Guo Ren June 17, 2020, 7:04 a.m. UTC | #1
Hi Peter,

On Tue, Jun 16, 2020 at 6:16 AM Peter Xu <peterx@redhat.com> wrote:
>
> Use the new mm_fault_accounting() helper for page fault accounting.
> Also, move the accounting to be after release of mmap_sem.
>
> CC: Guo Ren <guoren@kernel.org>
> CC: linux-csky@vger.kernel.org
> Signed-off-by: Peter Xu <peterx@redhat.com>
> ---
>  arch/csky/mm/fault.c | 13 +------------
>  1 file changed, 1 insertion(+), 12 deletions(-)
>
> diff --git a/arch/csky/mm/fault.c b/arch/csky/mm/fault.c
> index 4e6dc68f3258..8f8d34d27eca 100644
> --- a/arch/csky/mm/fault.c
> +++ b/arch/csky/mm/fault.c
> @@ -111,8 +111,6 @@ asmlinkage void do_page_fault(struct pt_regs *regs, unsigned long write,
>                 return;
>         }
>  #endif
> -
> -       perf_sw_event(PERF_COUNT_SW_PAGE_FAULTS, 1, regs, address);
>         /*
>          * If we're in an interrupt or have no user
>          * context, we must not take the fault..
> @@ -160,17 +158,8 @@ asmlinkage void do_page_fault(struct pt_regs *regs, unsigned long write,
>                         goto bad_area;
>                 BUG();
>         }
> -       if (fault & VM_FAULT_MAJOR) {
> -               tsk->maj_flt++;
> -               perf_sw_event(PERF_COUNT_SW_PAGE_FAULTS_MAJ, 1, regs,
> -                             address);
> -       } else {
> -               tsk->min_flt++;
> -               perf_sw_event(PERF_COUNT_SW_PAGE_FAULTS_MIN, 1, regs,
> -                             address);
> -       }
> -
>         up_read(&mm->mmap_sem);
> +       mm_fault_accounting(tsk, regs, address, fault & VM_FAULT_MAJOR);
>         return;
>
>         /*
> --
> 2.26.2
>
I notice that you move it out of mm->mmap_sem's area, all archs should
follow the rule ? Can you give me a clarification and put it into de
commit log ?
Thx
Peter Xu June 17, 2020, 3:49 p.m.
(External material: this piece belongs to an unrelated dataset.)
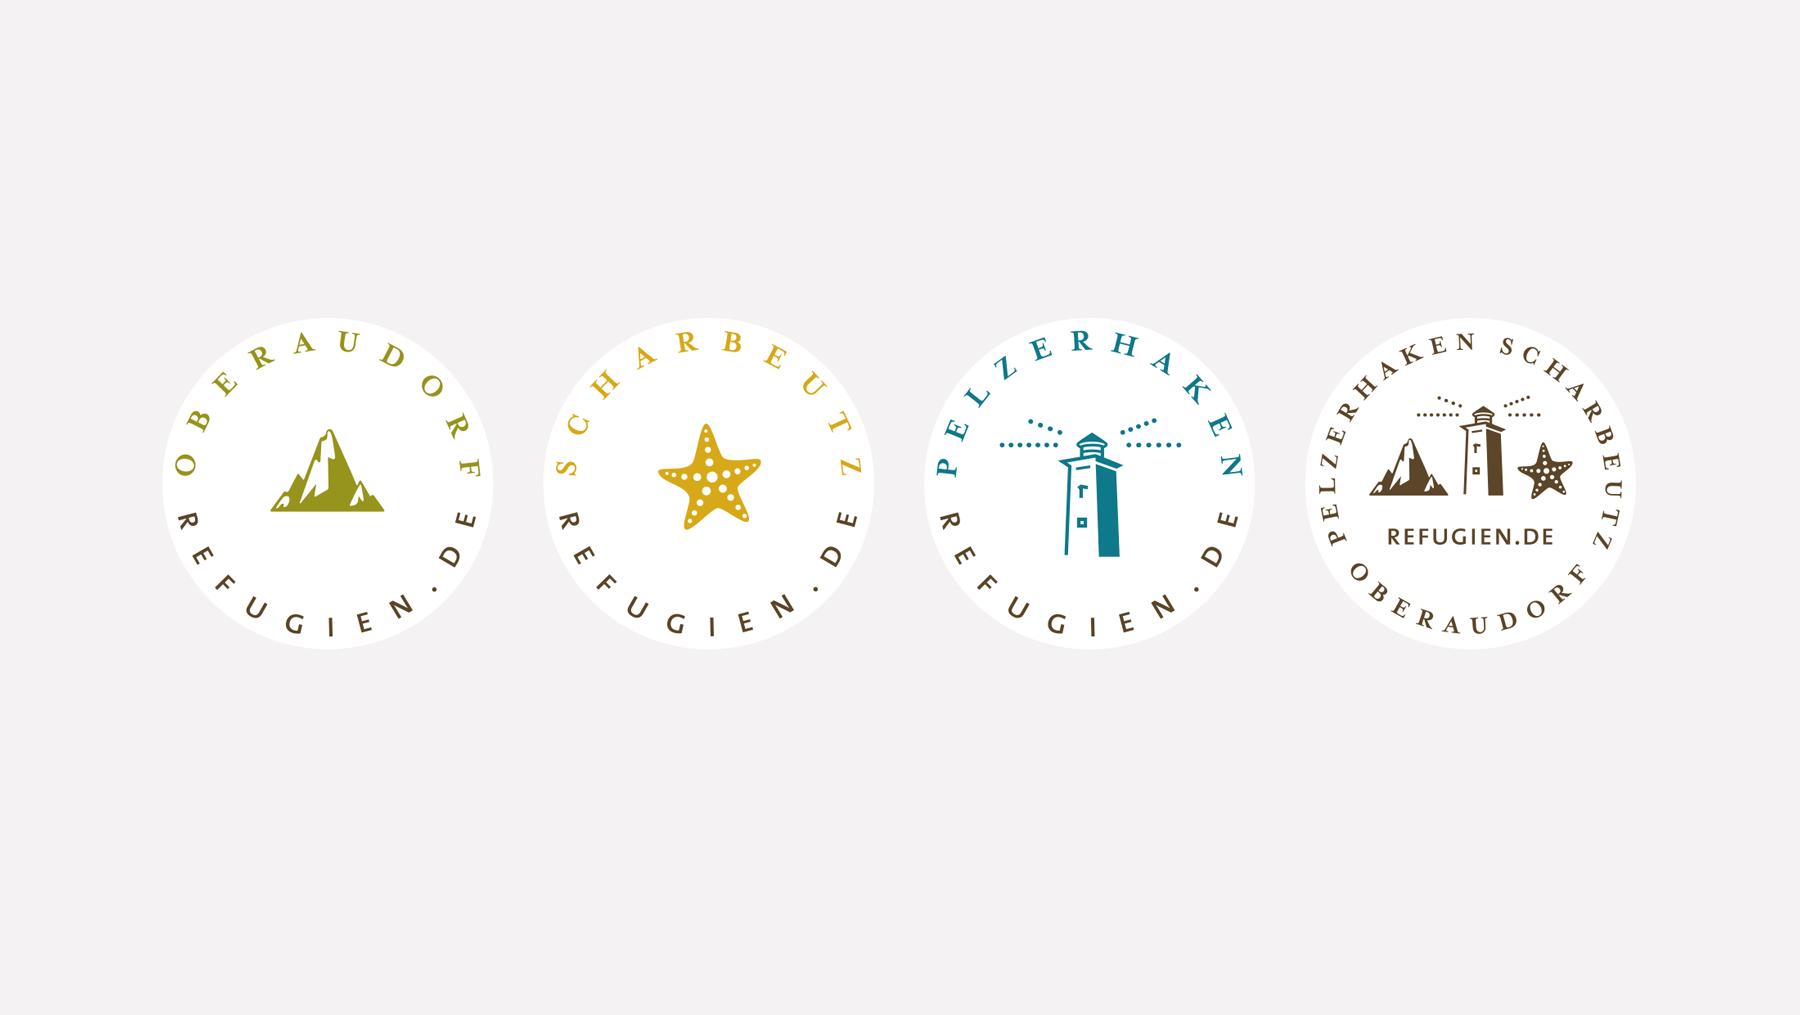 Logo-Refugien.de-Pelzerhaken-Scharbeutz-Audorf

UTC | #2
On Wed, Jun 17, 2020 at 03:04:49PM +0800, Guo Ren wrote:
> Hi Peter,

Hi, Guo,

> 
> On Tue, Jun 16, 2020 at 6:16 AM Peter Xu <peterx@redhat.com> wrote:
> >
> > Use the new mm_fault_accounting() helper for page fault accounting.
> > Also, move the accounting to be after release of mmap_sem.
> >
> > CC: Guo Ren <guoren@kernel.org>
> > CC: linux-csky@vger.kernel.org
> > Signed-off-by: Peter Xu <peterx@redhat.com>
> > ---
> >  arch/csky/mm/fault.c | 13 +------------
> >  1 file changed, 1 insertion(+), 12 deletions(-)
> >
> > diff --git a/arch/csky/mm/fault.c b/arch/csky/mm/fault.c
> > index 4e6dc68f3258..8f8d34d27eca 100644
> > --- a/arch/csky/mm/fault.c
> > +++ b/arch/csky/mm/fault.c
> > @@ -111,8 +111,6 @@ asmlinkage void do_page_fault(struct pt_regs *regs, unsigned long write,
> >                 return;
> >         }
> >  #endif
> > -
> > -       perf_sw_event(PERF_COUNT_SW_PAGE_FAULTS, 1, regs, address);
> >         /*
> >          * If we're in an interrupt or have no user
> >          * context, we must not take the fault..
> > @@ -160,17 +158,8 @@ asmlinkage void do_page_fault(struct pt_regs *regs, unsigned long write,
> >                         goto bad_area;
> >                 BUG();
> >         }
> > -       if (fault & VM_FAULT_MAJOR) {
> > -               tsk->maj_flt++;
> > -               perf_sw_event(PERF_COUNT_SW_PAGE_FAULTS_MAJ, 1, regs,
> > -                             address);
> > -       } else {
> > -               tsk->min_flt++;
> > -               perf_sw_event(PERF_COUNT_SW_PAGE_FAULTS_MIN, 1, regs,
> > -                             address);
> > -       }
> > -
> >         up_read(&mm->mmap_sem);
> > +       mm_fault_accounting(tsk, regs, address, fault & VM_FAULT_MAJOR);
> >         return;
> >
> >         /*
> > --
> > 2.26.2
> >
> I notice that you move it out of mm->mmap_sem's area, all archs should
> follow the rule ? Can you give me a clarification and put it into de
> commit log ?

I don't think it's a must, but mmap_sem should not be required at least by
observing current code.  E.g., do_user_addr_fault() of x86 does the accounting
without mmap_sem even before this series.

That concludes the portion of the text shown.